Pablo Picasso had two wives, four children by three women and many mistresses. He painted them all, but it was his last muse, Jacqueline Roque, whom he painted the most. Picasso created over 400 portraits of Roque, seventy of them created in a single year.
Roque was born in Paris in 1927. Following a failed marriage, that produced one daughter, Roque moved to Vallauris, on the French Riviera, where she took a job as a salesperson at her cousin’s shop, the Madoura Pottery. He was given full access to the pottery and, in exchange, his work was displayed and sold in the Madoura Pottery shop. The arrangement lasted for 25 years.
Picasso and Roque met at the pottery in 1953. She was 26 and he was 72. He courted her by drawing a chalk dove on her house and bringing her a rose a day. It took six months, but Picasso’s persistence paid off and Roque finally agreed to date him. Picasso had married Olga Khokhlova, a ballerina, in 1918. They had one son and separated in 1927. Khokhlova refused to divorce Picasso, and it wasn’t until she died, in 1955, that Picasso became free to marry.

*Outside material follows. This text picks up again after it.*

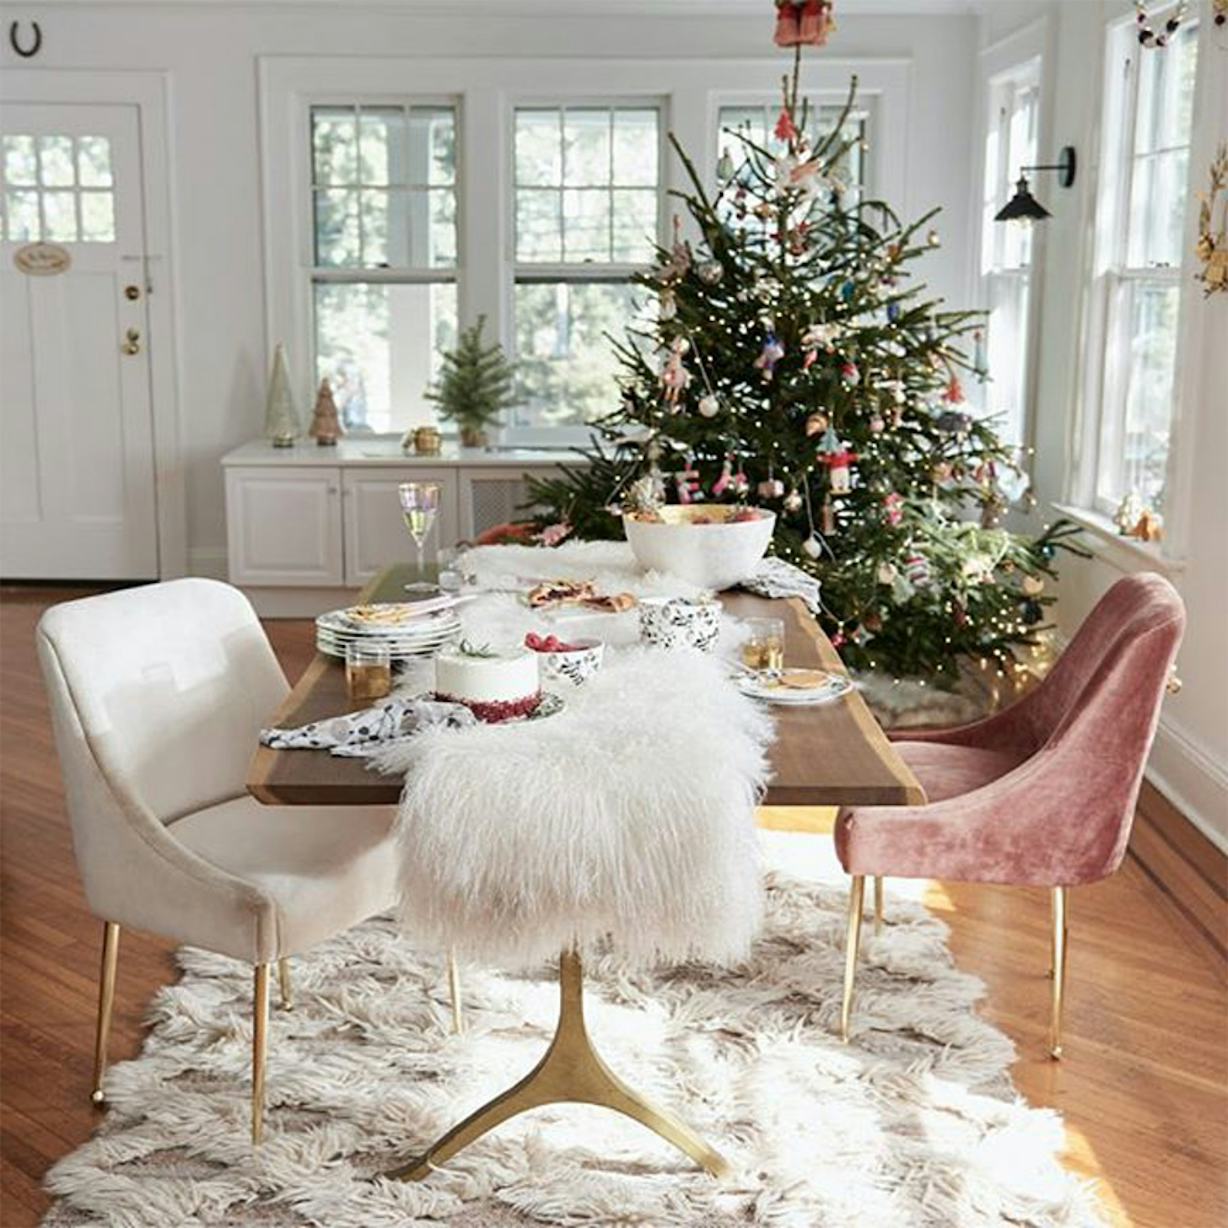 What To Buy During The Best AfterChristmas Decor Sales

Picasso and Roque married in 1961. Art historian Barbara Rose said, “She thought he was God and he thought he was God. The two of them were in love with him.” Roque began to appear in his paintings in 1954. Her elegant features and classic profile became easily recognizable in his later works, even though the paintings were often abstract and distorted. Picasso and Roque were together for twenty years, until his death in 1973.